ORCHARD PARK, N.Y. (AP) — Bills safeties Micah Hyde and Jordan Poyer had a parting message as they exited the postgame interview room following Buffalo's season-opening dud.
“Plenty of games left,” Hyde shouted.
“No panic,” Poyer added.
Defiant as they may have sounded, the sky-high expectations the Bills had entering the season took a significant hit following a 23-16 loss to the Pittsburgh Steelers in a showdown of defending AFC division champions.
Though the defense was sound in limiting the Steelers to 16 points (Pittsburgh also scored off a blocked punt), it was the Josh Allen-led offense that proved pedestrian.
A year after breaking numerous single-season passing and scoring records, the league's second-most productive attack managed just 16 points to match a season low last year by scoring just one touchdown and three field goals despite having eight of 11 drives cross midfield.
Allen completed 30 of 51 passes for 270 yards and a touchdown but was out of sync, with his 21 incompletions matching the second-highest total of his four-year career.

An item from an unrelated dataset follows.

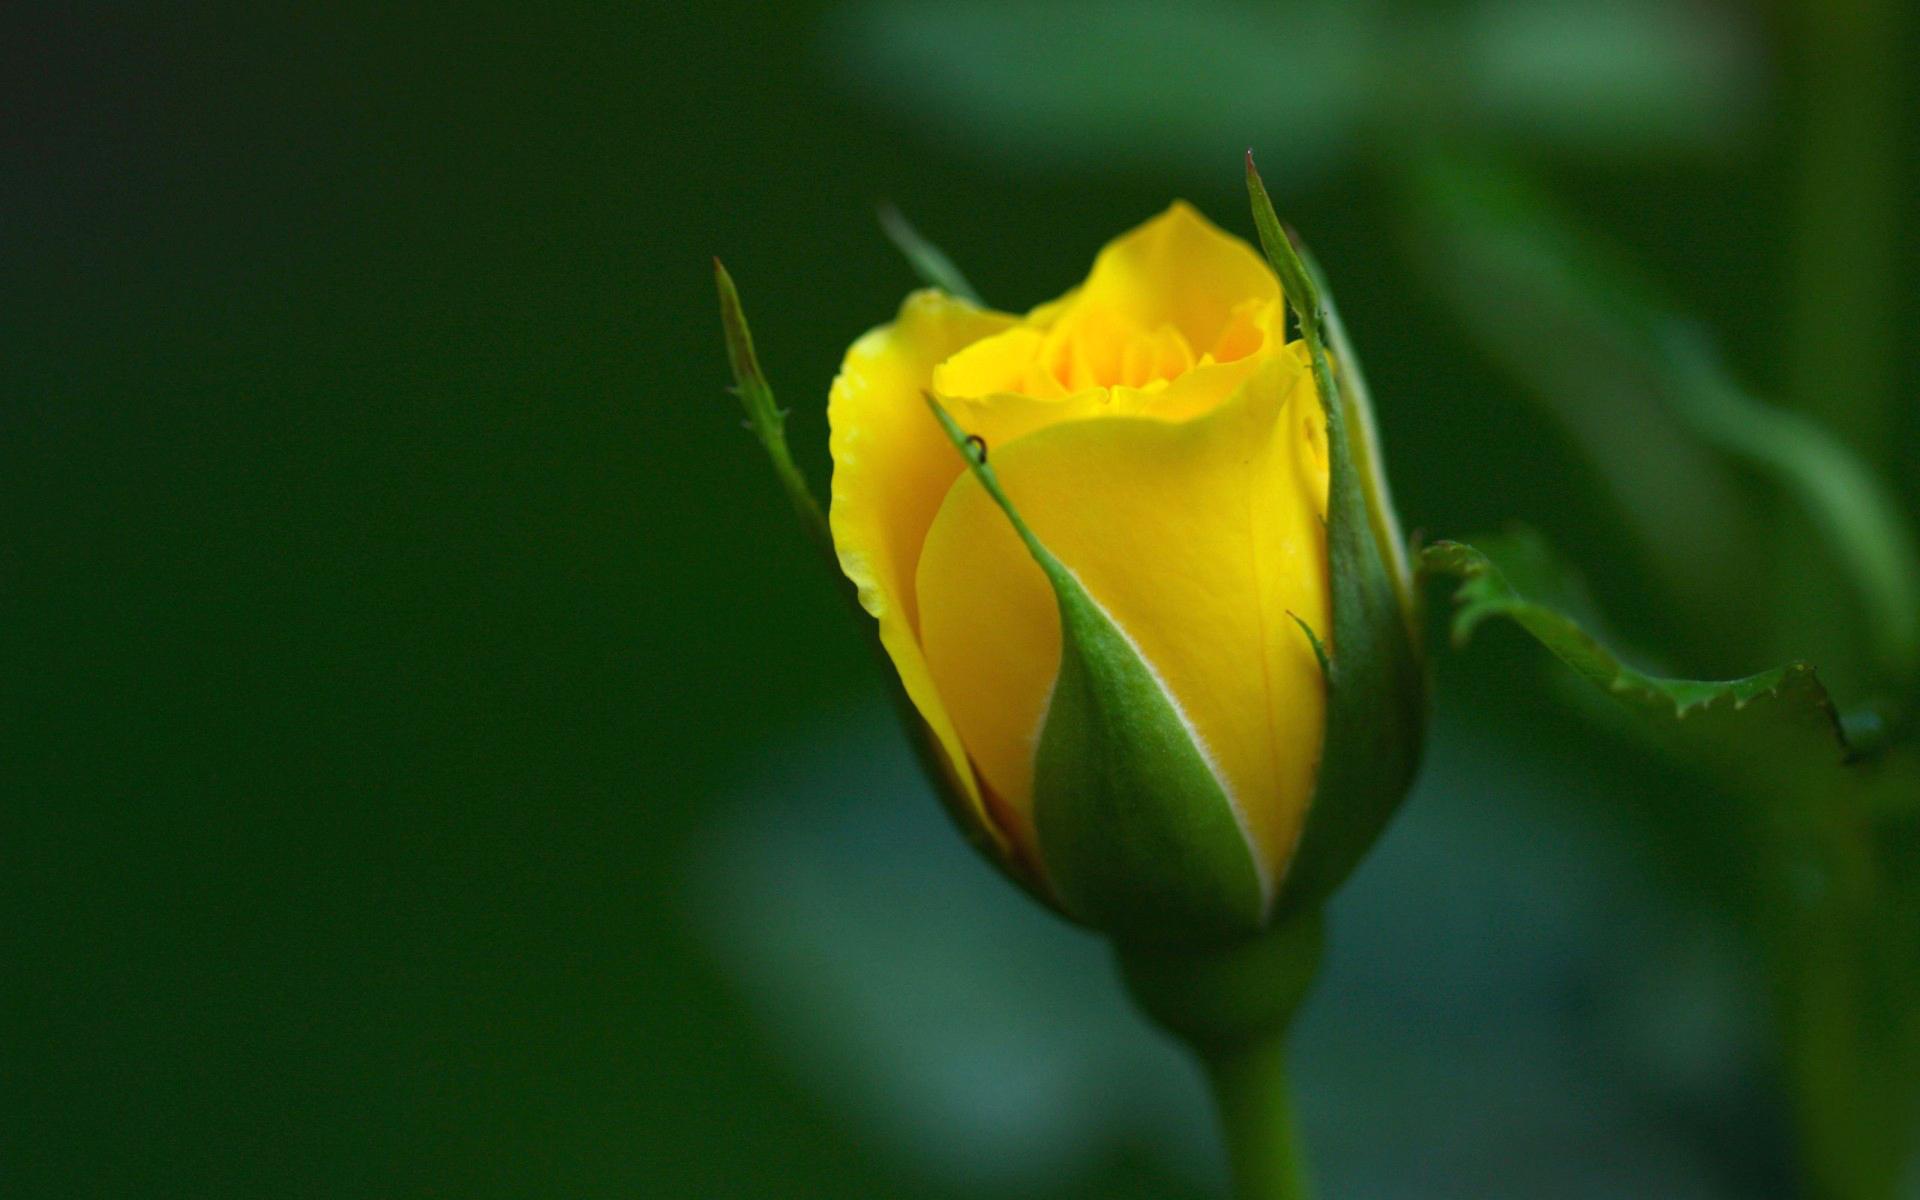 yellow love rose - HD1920×1200

“Obviously it’s not what we hope for, what we strive for, how we want to start the season,” Allen said. “That’s why we’re playing 17 (games). We’re not expecting to win them all. We go into each game expecting to win, but we understand that it’s a long season. A lot to learn from this tape, honestly starting with me.”
The Bills had no answers for the Steelers defense and its relentless T.J.-Watt led pass rush. Despite using only three or four rushers at the line of scrimmage, the Steelers repeatedly made life uneasy for Allen, who was forced to move and scramble out of the pocket. Buffalo’s offensive line never found its footing and had six holding penalties.
“That’s just one of those things that will come down to accountability,” center Mitch Morse said. “The unfortunate thing is that most of the holding calls came with chunk plays. So not only did we go backward, but this game is a game of momentum, and for the most part we kind of shot ourselves in the foot.”
The offense misfired on the type of plays it became known for in 2020.
Early in the game, Allen overthrew a wide-open Emmanuel Sanders on a deep ball that would have gone for a touchdown. Allen also missed Stefon Diggs deep.
Then came what appeared to be a poorly designed fourth-and-1 attempt to open the fourth quarter in which Matt Breida caught a lateral and lost 7 yards, which immediately led to Ben Roethlisberger putting the Steelers ahead for good with a 5-yard touchdown pass to Diontae Johnson.
On Buffalo's next possession, Sanders had the ball punched out of his hands for what would've been a 20-yard gain, and the Bills drive ended with Watt dropping Allen for a 6-yard loss on third down. Matt Haack's punt was then blocked by Miles Killebrew, with Ulysees Gilbert scooping up the loose ball and returning it 9 yards for a touchdown.
“Whether it be first-game nerves or jitters or feeling stuff with my feet, I’ve got to play better, I’ve got to be better,” Allen said. “I know that. Again, we’re going to learn from this. We’re not going to panic. It’s 16 games left. We know what we need to do. We’re going to look at the film and work and strive to get better.”
One positive for the Bills was their defensive performance.
After Buffalo’s defense largely struggled in 2020, the Bills held Roethlisberger in check for much of the game. The Steelers had just 53 yards and three first downs in the first half..
“Overall, you hold a team to 16 points if you take away the blocked punt,” coach Sean McDermott said. “I thought overall defensively, and they were in some tough positions, they played hard and they did some good things.”
After repeatedly showing the ability to overcome adversity and bounce back last season, the Bills believe they have the right mindset and group of players to do it again.
“We’ve been here before,” McDermott said. “It’s one game. I know the expectations are high and that comes with the territory. ... Give credit where credit’s due. Mike Tomlin and his team came in here and outcoached us and outplayed us, and I give them credit. We’ve got to learn from this as coaches and as players and get ourselves ready to go.”